[Items listed in a dataset]

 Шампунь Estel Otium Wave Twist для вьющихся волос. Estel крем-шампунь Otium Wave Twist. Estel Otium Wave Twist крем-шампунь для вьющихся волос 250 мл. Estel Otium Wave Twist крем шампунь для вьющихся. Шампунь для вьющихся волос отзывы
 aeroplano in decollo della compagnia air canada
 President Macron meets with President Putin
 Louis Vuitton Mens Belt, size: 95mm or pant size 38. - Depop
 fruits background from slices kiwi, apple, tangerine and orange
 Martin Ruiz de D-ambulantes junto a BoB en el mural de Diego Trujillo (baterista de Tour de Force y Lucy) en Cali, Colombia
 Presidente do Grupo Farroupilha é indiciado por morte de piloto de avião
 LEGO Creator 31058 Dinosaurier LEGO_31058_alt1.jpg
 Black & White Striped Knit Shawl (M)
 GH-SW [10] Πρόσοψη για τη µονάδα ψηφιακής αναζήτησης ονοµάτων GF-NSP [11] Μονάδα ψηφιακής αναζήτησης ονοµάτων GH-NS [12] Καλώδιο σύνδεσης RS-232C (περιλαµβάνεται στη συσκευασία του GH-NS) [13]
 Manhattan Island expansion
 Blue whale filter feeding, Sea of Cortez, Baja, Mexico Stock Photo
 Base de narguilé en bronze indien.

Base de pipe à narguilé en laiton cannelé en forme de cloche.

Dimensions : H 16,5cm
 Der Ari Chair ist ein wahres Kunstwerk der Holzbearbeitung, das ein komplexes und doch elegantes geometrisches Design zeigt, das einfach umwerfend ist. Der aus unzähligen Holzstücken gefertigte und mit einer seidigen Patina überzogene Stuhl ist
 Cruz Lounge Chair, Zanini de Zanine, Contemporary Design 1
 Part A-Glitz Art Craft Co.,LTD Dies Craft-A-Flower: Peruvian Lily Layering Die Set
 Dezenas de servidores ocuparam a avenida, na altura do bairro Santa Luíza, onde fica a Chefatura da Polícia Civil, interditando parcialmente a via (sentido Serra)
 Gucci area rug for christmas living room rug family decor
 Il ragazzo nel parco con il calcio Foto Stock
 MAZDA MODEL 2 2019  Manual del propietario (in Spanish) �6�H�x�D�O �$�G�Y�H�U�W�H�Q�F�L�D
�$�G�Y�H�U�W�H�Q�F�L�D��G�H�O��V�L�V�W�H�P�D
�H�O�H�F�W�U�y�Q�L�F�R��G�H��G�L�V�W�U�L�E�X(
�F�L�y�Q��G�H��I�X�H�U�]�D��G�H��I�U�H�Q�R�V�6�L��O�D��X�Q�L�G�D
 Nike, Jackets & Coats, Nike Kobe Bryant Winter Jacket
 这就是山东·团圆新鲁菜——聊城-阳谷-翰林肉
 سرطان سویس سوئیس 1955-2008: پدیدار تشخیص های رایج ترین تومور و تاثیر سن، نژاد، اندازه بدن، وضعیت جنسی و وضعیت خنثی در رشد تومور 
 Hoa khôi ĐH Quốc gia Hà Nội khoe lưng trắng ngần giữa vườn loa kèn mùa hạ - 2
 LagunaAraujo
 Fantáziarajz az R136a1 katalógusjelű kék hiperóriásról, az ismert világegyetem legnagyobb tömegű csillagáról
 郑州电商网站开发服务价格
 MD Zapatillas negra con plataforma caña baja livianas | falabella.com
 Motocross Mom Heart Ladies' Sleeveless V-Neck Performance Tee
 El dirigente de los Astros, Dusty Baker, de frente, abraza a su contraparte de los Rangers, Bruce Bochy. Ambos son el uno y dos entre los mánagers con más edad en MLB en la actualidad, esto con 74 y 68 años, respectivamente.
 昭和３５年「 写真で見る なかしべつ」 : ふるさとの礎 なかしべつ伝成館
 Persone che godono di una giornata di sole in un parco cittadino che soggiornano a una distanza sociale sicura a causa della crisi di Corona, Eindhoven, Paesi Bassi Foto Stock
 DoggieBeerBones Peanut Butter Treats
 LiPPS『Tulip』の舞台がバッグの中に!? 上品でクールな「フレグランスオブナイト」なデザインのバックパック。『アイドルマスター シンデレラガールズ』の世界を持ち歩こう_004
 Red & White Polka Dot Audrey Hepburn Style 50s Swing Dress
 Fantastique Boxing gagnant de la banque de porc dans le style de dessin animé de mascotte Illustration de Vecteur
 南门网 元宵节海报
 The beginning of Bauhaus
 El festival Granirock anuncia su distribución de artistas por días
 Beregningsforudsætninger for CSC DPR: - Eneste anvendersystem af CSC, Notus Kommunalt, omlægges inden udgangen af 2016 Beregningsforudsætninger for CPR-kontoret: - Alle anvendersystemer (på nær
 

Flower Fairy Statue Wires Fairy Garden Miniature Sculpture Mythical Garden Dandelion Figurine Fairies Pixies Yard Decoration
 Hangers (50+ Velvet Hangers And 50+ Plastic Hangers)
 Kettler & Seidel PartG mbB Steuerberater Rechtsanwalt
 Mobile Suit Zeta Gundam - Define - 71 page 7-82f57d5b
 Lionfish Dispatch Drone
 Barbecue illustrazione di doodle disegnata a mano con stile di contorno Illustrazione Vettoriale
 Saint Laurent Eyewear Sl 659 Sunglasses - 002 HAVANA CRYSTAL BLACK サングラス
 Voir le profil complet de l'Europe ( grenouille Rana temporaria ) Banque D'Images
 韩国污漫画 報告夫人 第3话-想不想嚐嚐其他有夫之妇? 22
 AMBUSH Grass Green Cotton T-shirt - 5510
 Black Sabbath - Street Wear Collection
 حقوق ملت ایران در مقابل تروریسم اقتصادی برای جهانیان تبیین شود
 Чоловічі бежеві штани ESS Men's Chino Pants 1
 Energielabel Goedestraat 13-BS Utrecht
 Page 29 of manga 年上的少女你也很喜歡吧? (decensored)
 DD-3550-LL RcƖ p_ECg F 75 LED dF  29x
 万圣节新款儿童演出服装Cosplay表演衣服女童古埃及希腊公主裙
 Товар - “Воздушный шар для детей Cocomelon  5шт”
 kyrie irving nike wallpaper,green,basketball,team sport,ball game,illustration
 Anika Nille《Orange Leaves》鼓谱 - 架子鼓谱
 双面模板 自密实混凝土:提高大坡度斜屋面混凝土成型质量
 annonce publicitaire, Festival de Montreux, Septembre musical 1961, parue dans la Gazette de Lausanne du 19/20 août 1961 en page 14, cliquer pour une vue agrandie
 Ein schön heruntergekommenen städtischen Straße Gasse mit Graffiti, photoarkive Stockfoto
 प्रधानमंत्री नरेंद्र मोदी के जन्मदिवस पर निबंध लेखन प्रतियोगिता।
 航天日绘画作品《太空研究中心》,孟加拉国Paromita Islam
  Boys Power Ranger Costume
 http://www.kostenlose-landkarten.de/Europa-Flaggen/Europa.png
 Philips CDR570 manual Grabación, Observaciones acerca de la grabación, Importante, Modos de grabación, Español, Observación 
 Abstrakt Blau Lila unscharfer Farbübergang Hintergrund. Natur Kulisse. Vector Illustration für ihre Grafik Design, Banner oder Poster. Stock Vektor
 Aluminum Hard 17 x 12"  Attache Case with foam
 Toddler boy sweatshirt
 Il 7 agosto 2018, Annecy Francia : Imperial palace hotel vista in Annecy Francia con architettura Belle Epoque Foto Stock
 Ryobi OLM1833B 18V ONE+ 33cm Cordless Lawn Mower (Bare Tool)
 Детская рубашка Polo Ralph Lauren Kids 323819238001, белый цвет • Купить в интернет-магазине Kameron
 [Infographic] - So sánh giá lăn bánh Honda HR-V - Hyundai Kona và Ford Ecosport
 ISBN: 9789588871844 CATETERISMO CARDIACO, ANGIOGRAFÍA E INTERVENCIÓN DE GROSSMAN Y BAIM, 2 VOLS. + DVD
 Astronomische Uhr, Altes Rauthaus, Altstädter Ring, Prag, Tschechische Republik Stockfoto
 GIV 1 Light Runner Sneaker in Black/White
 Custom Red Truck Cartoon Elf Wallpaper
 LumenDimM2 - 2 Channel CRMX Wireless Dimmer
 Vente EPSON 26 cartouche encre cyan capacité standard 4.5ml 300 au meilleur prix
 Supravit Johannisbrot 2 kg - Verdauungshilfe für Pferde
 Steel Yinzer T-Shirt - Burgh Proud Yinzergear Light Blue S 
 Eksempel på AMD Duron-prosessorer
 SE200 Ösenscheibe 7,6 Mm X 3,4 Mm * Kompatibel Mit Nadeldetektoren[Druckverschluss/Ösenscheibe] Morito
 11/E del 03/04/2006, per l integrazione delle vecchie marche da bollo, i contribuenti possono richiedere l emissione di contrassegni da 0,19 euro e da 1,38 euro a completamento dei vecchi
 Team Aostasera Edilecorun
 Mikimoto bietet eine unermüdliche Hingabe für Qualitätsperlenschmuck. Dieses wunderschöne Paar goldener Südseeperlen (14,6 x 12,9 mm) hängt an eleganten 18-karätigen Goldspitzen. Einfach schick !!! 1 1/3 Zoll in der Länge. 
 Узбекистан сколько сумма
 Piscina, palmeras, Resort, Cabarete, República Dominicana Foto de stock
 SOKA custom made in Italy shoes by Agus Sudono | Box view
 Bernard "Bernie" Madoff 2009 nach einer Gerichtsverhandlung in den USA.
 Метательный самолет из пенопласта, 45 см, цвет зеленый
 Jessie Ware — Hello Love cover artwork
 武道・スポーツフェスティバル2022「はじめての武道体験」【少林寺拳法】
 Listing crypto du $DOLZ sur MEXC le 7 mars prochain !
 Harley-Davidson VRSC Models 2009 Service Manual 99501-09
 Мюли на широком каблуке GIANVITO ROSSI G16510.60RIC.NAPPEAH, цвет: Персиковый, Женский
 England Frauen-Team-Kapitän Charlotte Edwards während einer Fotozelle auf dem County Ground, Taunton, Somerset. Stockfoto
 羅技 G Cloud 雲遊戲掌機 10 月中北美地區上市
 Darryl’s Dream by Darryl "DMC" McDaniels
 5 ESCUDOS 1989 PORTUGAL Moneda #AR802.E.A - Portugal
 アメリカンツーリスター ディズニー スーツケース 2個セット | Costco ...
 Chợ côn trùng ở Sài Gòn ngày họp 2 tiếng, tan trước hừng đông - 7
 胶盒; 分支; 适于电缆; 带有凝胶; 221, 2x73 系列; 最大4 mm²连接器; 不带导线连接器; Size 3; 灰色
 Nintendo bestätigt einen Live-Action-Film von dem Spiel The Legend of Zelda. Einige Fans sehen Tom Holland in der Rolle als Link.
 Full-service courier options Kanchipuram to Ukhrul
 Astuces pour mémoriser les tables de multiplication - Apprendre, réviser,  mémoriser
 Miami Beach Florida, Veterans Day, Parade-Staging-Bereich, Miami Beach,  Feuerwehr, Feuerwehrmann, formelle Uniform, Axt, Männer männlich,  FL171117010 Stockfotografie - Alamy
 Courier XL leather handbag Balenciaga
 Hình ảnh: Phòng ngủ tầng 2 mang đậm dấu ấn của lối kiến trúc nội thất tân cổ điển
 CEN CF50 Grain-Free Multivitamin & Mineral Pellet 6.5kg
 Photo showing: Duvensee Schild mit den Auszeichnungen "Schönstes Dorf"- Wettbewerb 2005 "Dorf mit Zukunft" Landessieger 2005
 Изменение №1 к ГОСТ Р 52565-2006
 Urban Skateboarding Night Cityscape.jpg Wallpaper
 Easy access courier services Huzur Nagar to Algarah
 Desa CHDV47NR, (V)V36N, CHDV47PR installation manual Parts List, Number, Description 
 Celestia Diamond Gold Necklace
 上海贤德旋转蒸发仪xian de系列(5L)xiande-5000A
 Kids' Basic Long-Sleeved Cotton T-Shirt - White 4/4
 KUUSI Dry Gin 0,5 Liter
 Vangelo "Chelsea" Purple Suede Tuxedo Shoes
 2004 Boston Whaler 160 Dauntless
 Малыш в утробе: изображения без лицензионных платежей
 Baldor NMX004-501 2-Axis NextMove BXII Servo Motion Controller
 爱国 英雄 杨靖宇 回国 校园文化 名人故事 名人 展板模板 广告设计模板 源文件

(Task to carry out): Your answer must be the lines above from the one containing "AMBUSH Grass Green Cotton T-shirt - 5510" to the one containing "[Infographic] - So", both included, restated word for word.

(Answer to this task):
 AMBUSH Grass Green Cotton T-shirt - 5510
 Black Sabbath - Street Wear Collection
 حقوق ملت ایران در مقابل تروریسم اقتصادی برای جهانیان تبیین شود
 Чоловічі бежеві штани ESS Men's Chino Pants 1
 Energielabel Goedestraat 13-BS Utrecht
 Page 29 of manga 年上的少女你也很喜歡吧? (decensored)
 DD-3550-LL RcƖ p_ECg F 75 LED dF  29x
 万圣节新款儿童演出服装Cosplay表演衣服女童古埃及希腊公主裙
 Товар - “Воздушный шар для детей Cocomelon  5шт”
 kyrie irving nike wallpaper,green,basketball,team sport,ball game,illustration
 Anika Nille《Orange Leaves》鼓谱 - 架子鼓谱
 双面模板 自密实混凝土:提高大坡度斜屋面混凝土成型质量
 annonce publicitaire, Festival de Montreux, Septembre musical 1961, parue dans la Gazette de Lausanne du 19/20 août 1961 en page 14, cliquer pour une vue agrandie
 Ein schön heruntergekommenen städtischen Straße Gasse mit Graffiti, photoarkive Stockfoto
 प्रधानमंत्री नरेंद्र मोदी के जन्मदिवस पर निबंध लेखन प्रतियोगिता।
 航天日绘画作品《太空研究中心》,孟加拉国Paromita Islam
  Boys Power Ranger Costume
 http://www.kostenlose-landkarten.de/Europa-Flaggen/Europa.png
 Philips CDR570 manual Grabación, Observaciones acerca de la grabación, Importante, Modos de grabación, Español, Observación 
 Abstrakt Blau Lila unscharfer Farbübergang Hintergrund. Natur Kulisse. Vector Illustration für ihre Grafik Design, Banner oder Poster. Stock Vektor
 Aluminum Hard 17 x 12"  Attache Case with foam
 Toddler boy sweatshirt
 Il 7 agosto 2018, Annecy Francia : Imperial palace hotel vista in Annecy Francia con architettura Belle Epoque Foto Stock
 Ryobi OLM1833B 18V ONE+ 33cm Cordless Lawn Mower (Bare Tool)
 Детская рубашка Polo Ralph Lauren Kids 323819238001, белый цвет • Купить в интернет-магазине Kameron
 [Infographic] - So sánh giá lăn bánh Honda HR-V - Hyundai Kona và Ford Ecosport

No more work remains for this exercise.